# What military system would be best for Space Federation?



## watermark (Jan 29, 2017)

So a question for military buffs. If humanity were to form a combined Space Federation in the far future, what would it be based on? 

I mean, spaceships would be like a Navy or the Air Force, the ground troops sent to conquer planets would be like an Army, and the space marines are well, Marines. So who would be in charge? Right now on earth these branches are separately led by different generals who report to maybe a president or parliament for final approval. But I'm sure the day to day operations would still be run by the generals. What would it be like for a Space force?


----------



## The Fantastical (Jan 29, 2017)

If you read most sci-fi the excepted route is to have a new form of government, a galactic or universal or confederate government body that either overrules the individual governments or has totally replaced them. From there you would have the normal hierarchy type system as you work your way down to the ground troops with your generals at the top.


----------



## Winston (Jan 29, 2017)

As a student of history with a focus on military affairs, I'd advise a look at the Cold War example.  The Warsaw Pact (Soviets)  used a central. command-based structure limiting individual decisions.  While NATO (US) favored a "general plan" model where tactical decisions were largely left in the hands of local commanders.  At this moment, one of those systems is in the "dustbin of history" (whilst the other is committing suicide?). 

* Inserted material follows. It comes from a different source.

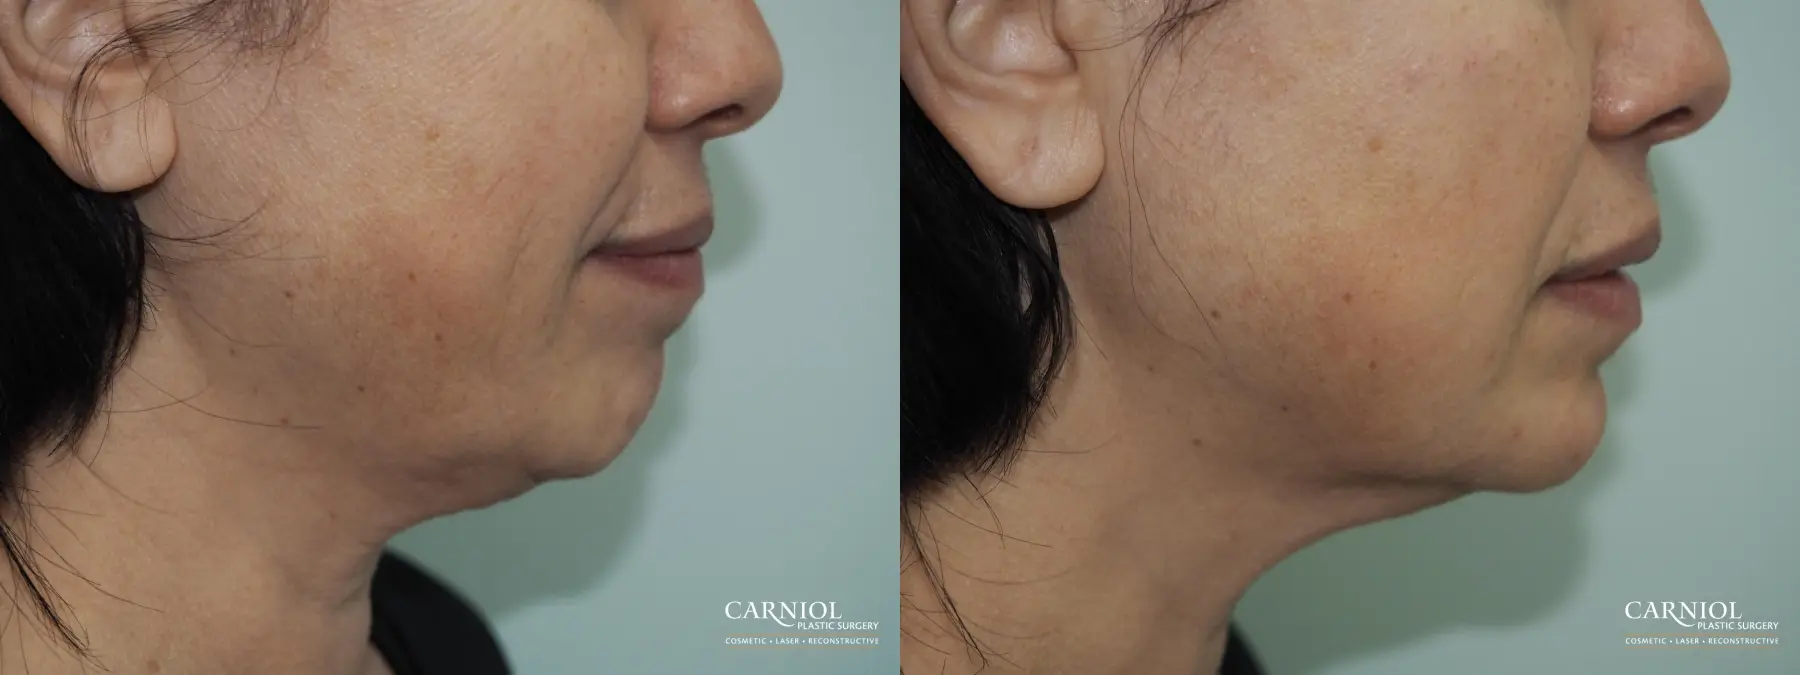 Non-Surgical Facelift: Patient 3 - Before and After 1
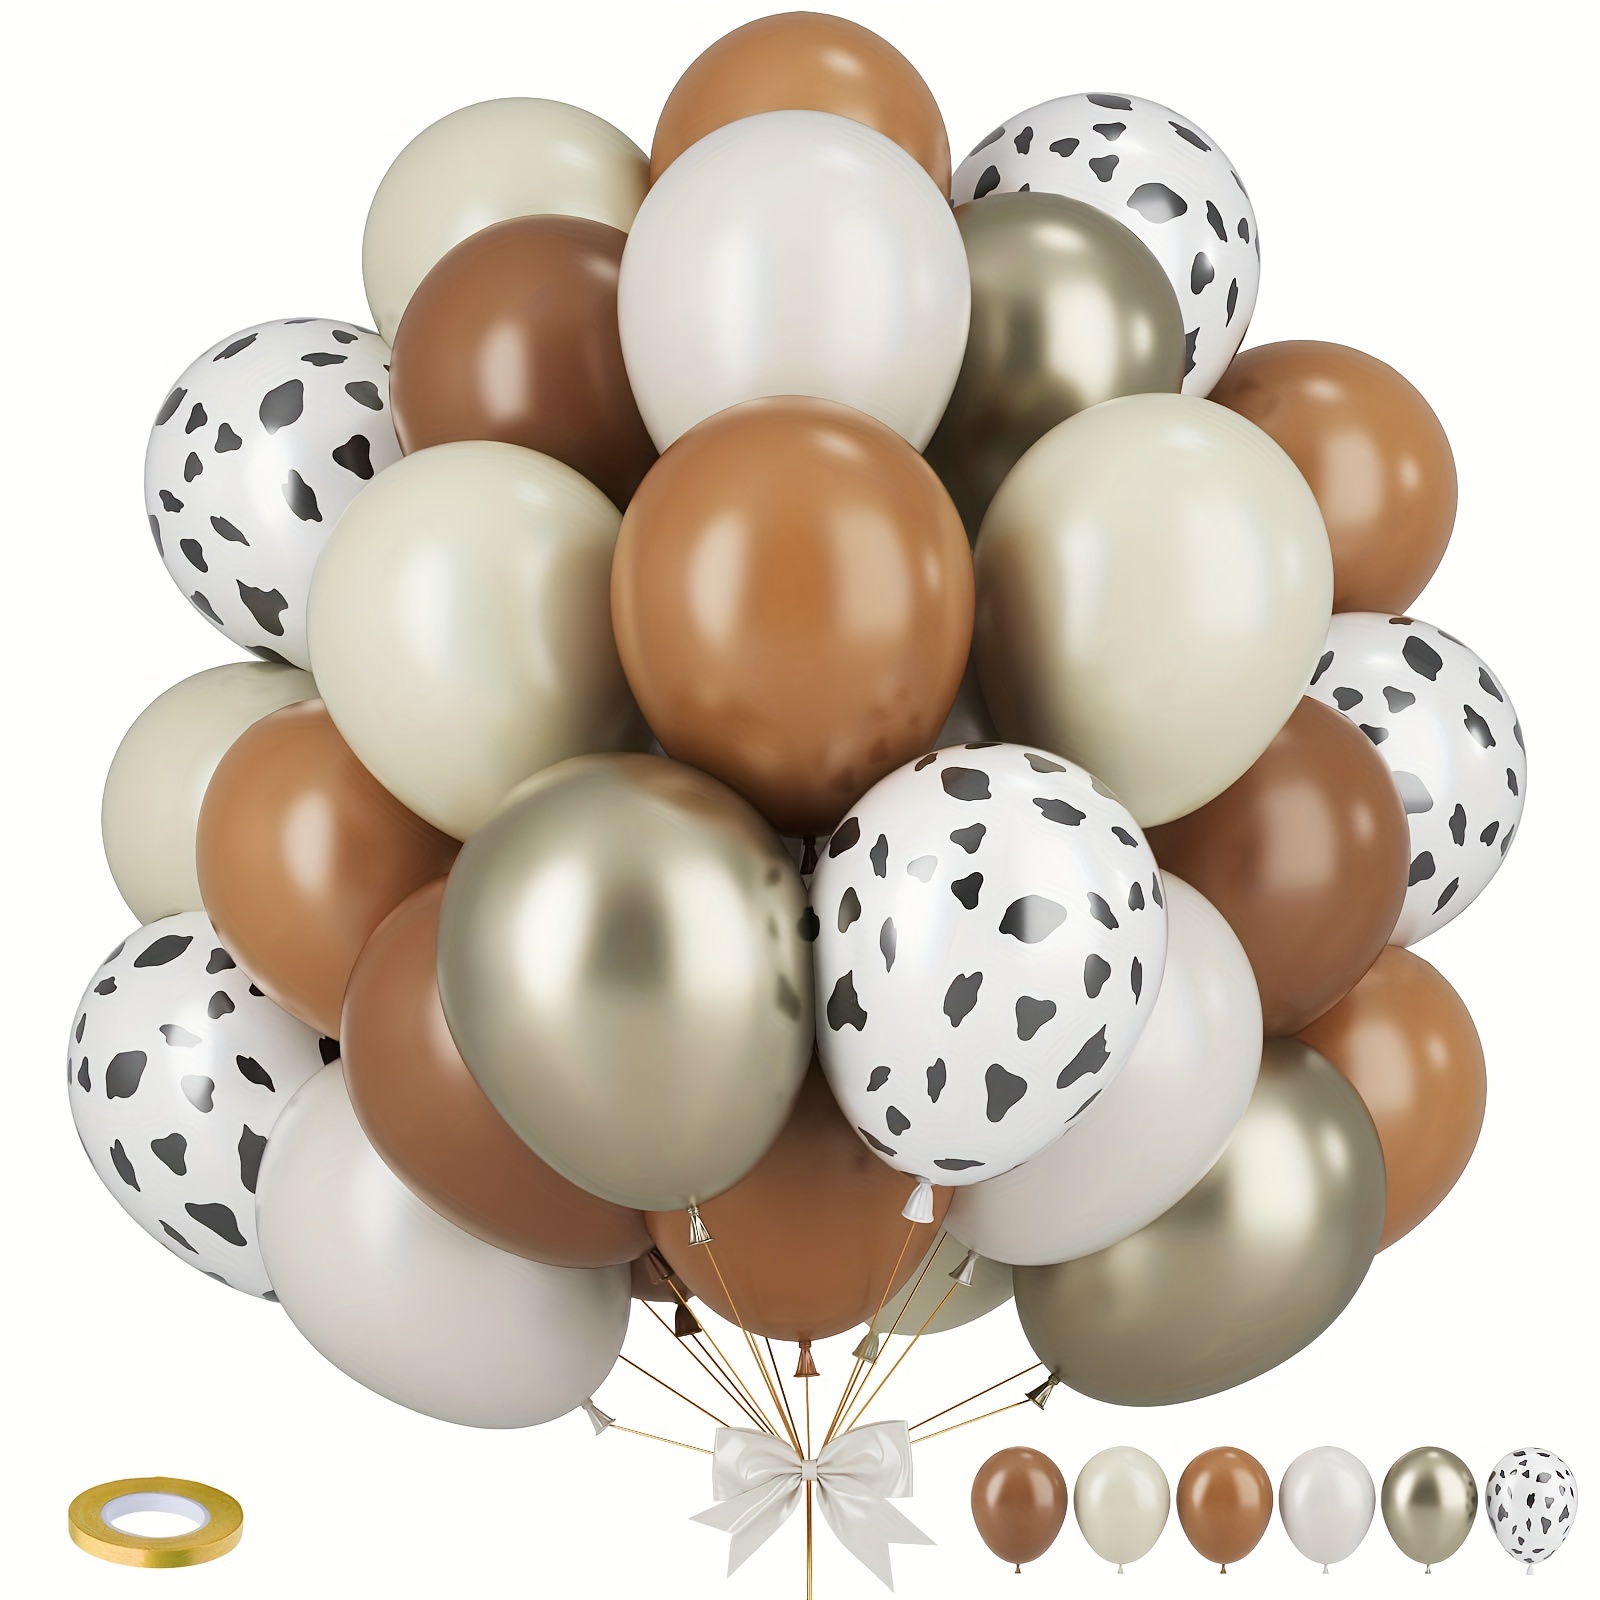 

35pcs 12 Inch Western Cowboy Party Balloons - Black, White, Blush, Brown, Gold - Perfect For Birthdays, Engagements, Weddings, Anniversaries, And More!

This is a global example.  Now, imagine the command and control nightmare an interstellar federation would encounter.  Of course, you could violate basics physics by giving your characters instantaneous communication ability.  Not likely and not believable.  We'd like to believe that some central authority could run affairs better than local control, but history has proven otherwise.

No, think of the armies of antiquity (ie The Roman Legions).  Strong men were given limited autonomy by the government to wage war.  They lived off the resources of the conquered, subjugating and incorporation the vanquished.  

That is your army of the future.  The army of our past.


----------



## K.S. Crooks (Feb 4, 2017)

I think there would be four separate branches: a marines-type division responsible for inter-planetary needs, including transport- an army, navy and air force division for activity on a planet. When people are going somewhere new then the marines would be the first one to go. Of course you could use the Starfleet or Battlestar or Starship Troopers model.


----------